Stems cells differentiate into specialized cells and are a focal point for treatments related to injured tissue. These treatments require understanding of how stem cells differentiate into the types of cells and tissues that are needed at the site of injury. Heart disease, which is the leading cause of death in the United States, may be treated by generating cardiac tissue from induced pluripotent stem cells (iPSCs). In this project, fatty acids will be delivered into iPSCs to stimulate them to differentiate and mature into cardiac cells and tissues. The hypothesis is that precise control of fatty acid delivery could cause the cells to mimic the natural developmental pathway. If successful, such control could potentially lead to the development of new approaches for tissue and organ regeneration. Project-based learning activities will engage elementary school students' interest in science. This will nurture their interest in STEM topics lasting throughout their education as well as influence their career decisions as adults.

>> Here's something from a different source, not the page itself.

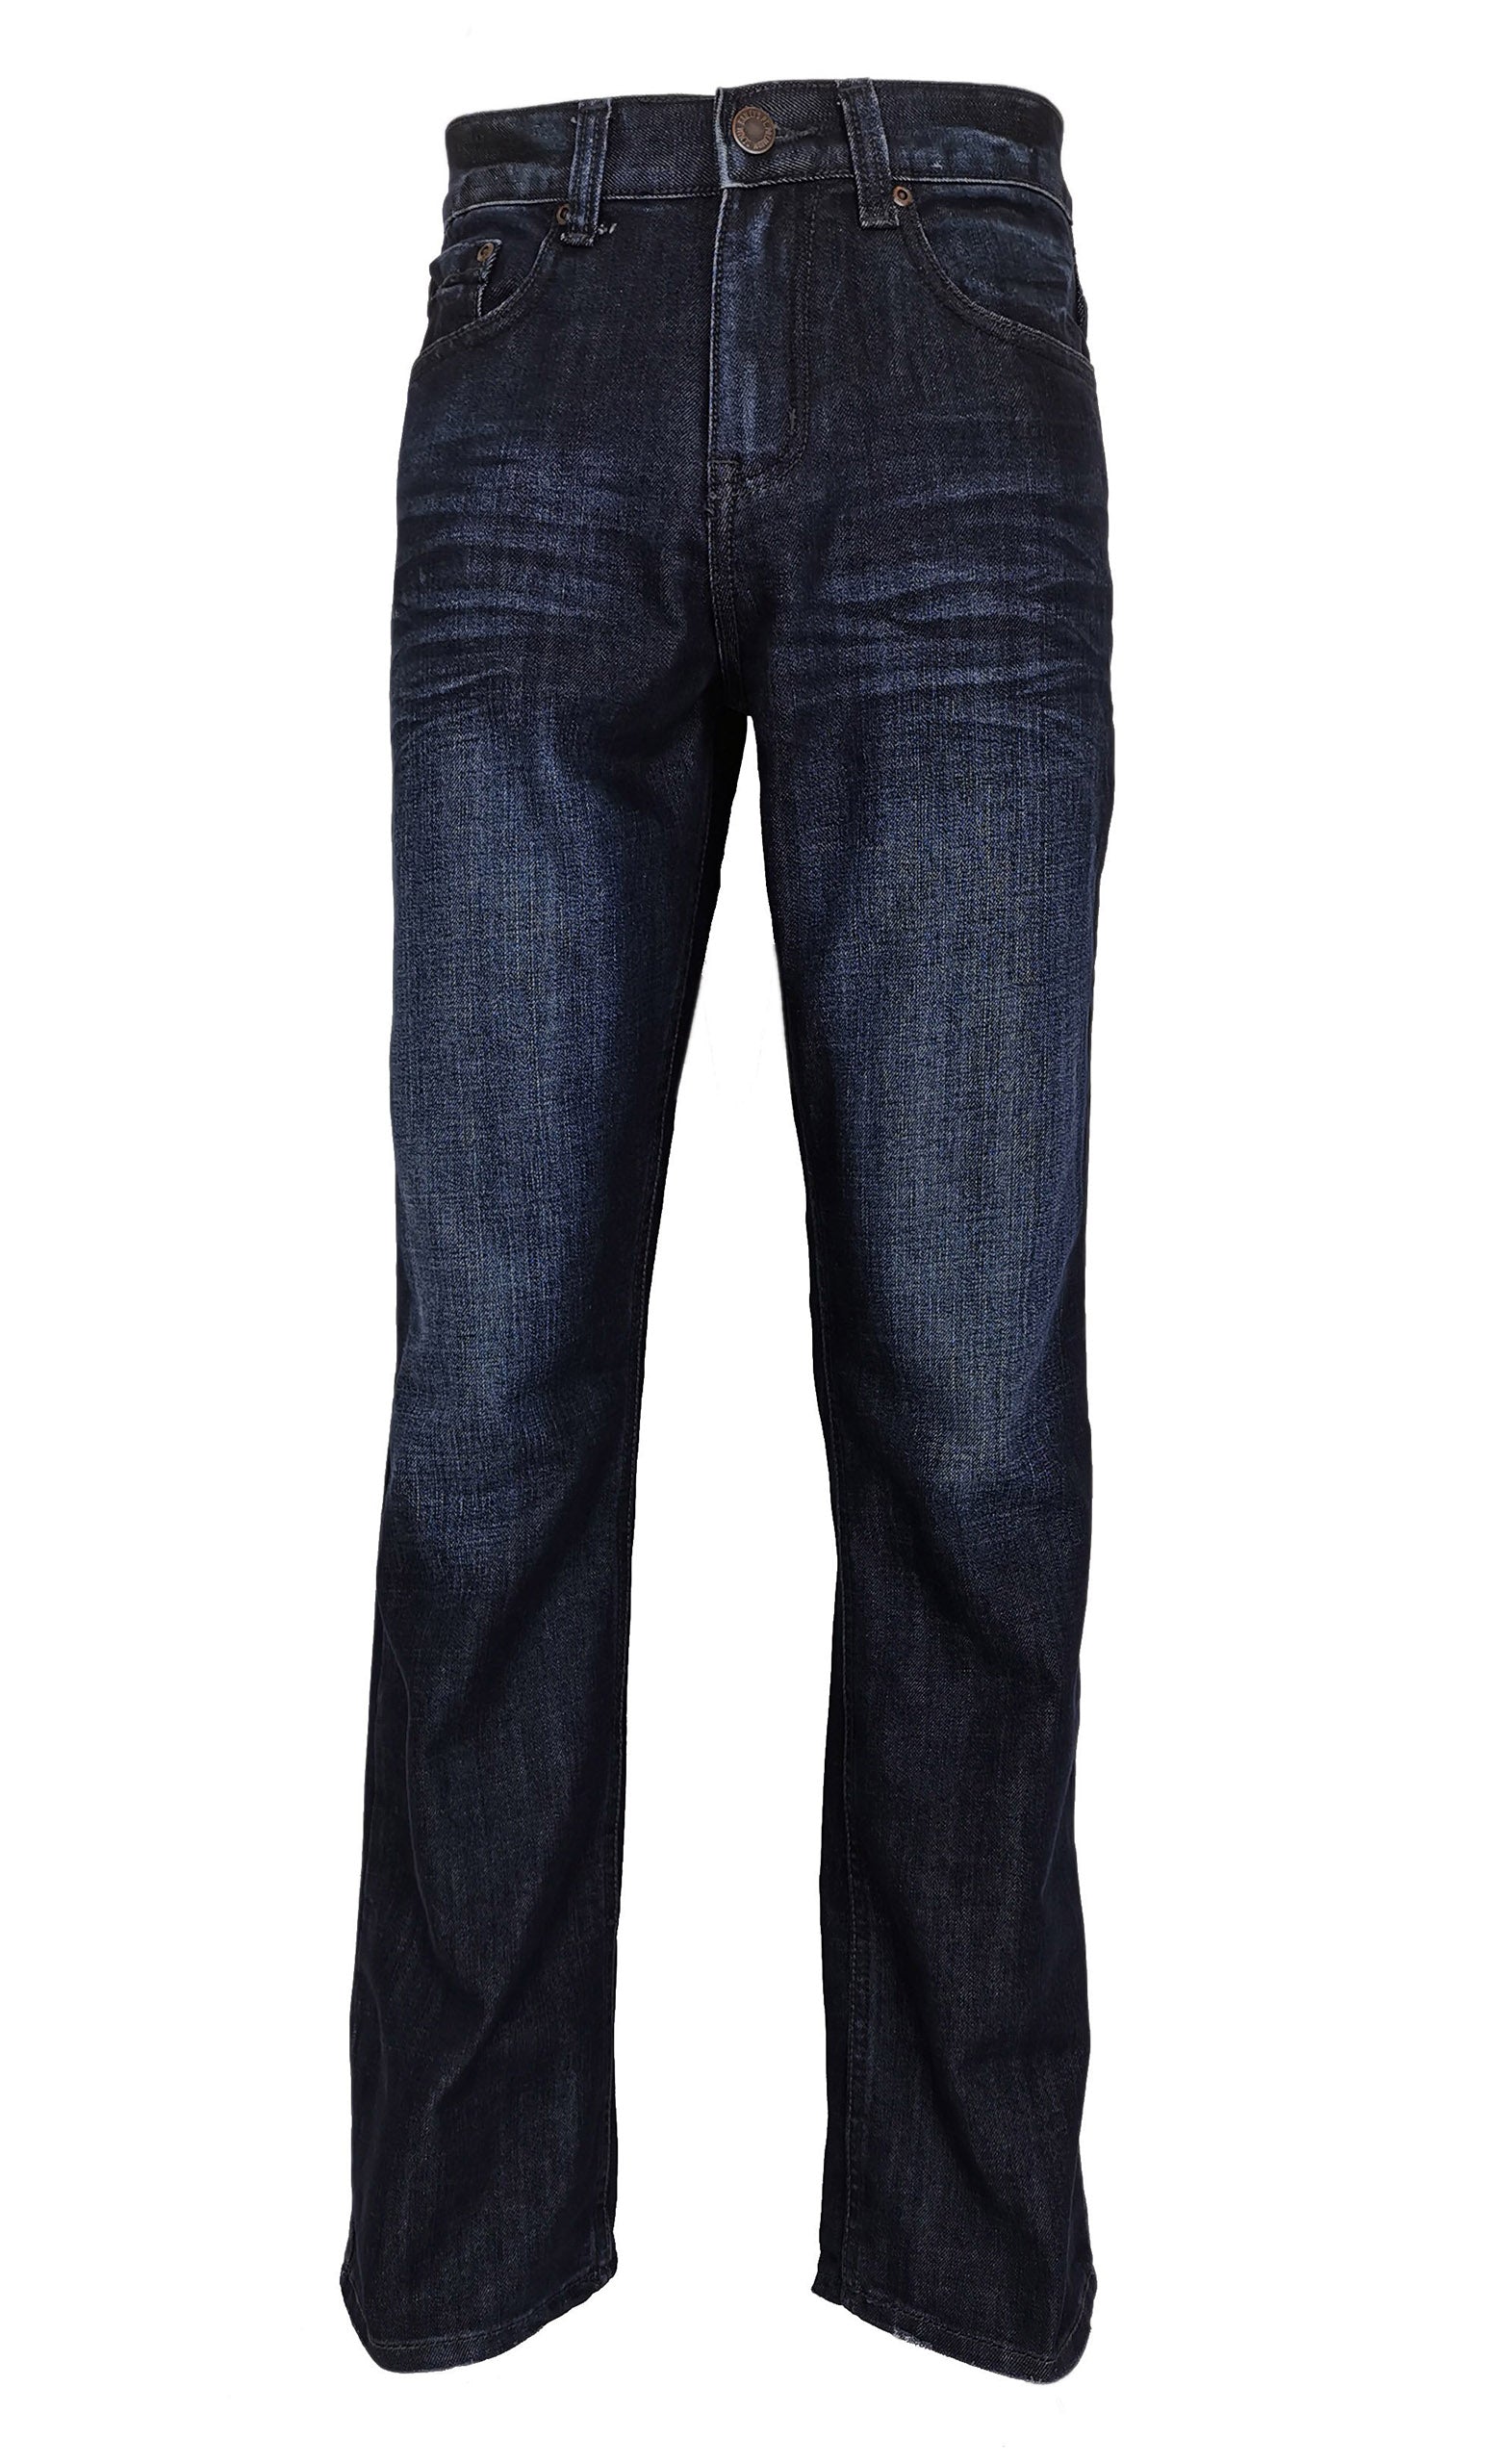 Bailey's Point Men's Fashion Relaxed Bootcut Jeans Regular Fit: Classi

Genomic sequencing and high-throughput screening have enhanced our ability to understand specific intracellular responses and regulatory pathways. Novel experimental designs are needed to address the complex responses to various biological modulators of cells, leading to tissue specification and lineage commitment. There is a metabolic switch from glycolysis to oxidative phosphorylation during cardiac development. Recently, a link between energy metabolism and cell signaling and epigenetic regulation of gene expression has been established. As a result, efficient delivery of fatty acids that participate in the oxidative phosphorylation cycle could be a powerful tool to exercise fine control over gene expression. This project will utilize a unique microfluidic device to deliver fatty acids into the cytoplasm of induced pluripotent stem cells (iPSCs). This should direct their differentiation and maturation to cardiac lineages. The investigators hypothesize that precise control over fatty acid availability will metabolically switch iPSCs from glycolysis to oxidative phosphorylation and thereby consistently mimic the native developmental, metabolic conditions necessary for cardiac differentiation and maturation. This project will play a key role in the scalability of iPSC-derived cells in future clinical applications as well as potentially lead to the development of new paradigms for metabolic induced tissue and organ regeneration.
This award reflects NSF's statutory mission and has been deemed worthy of support through evaluation using the Foundation's intellectual merit and broader impacts review criteria.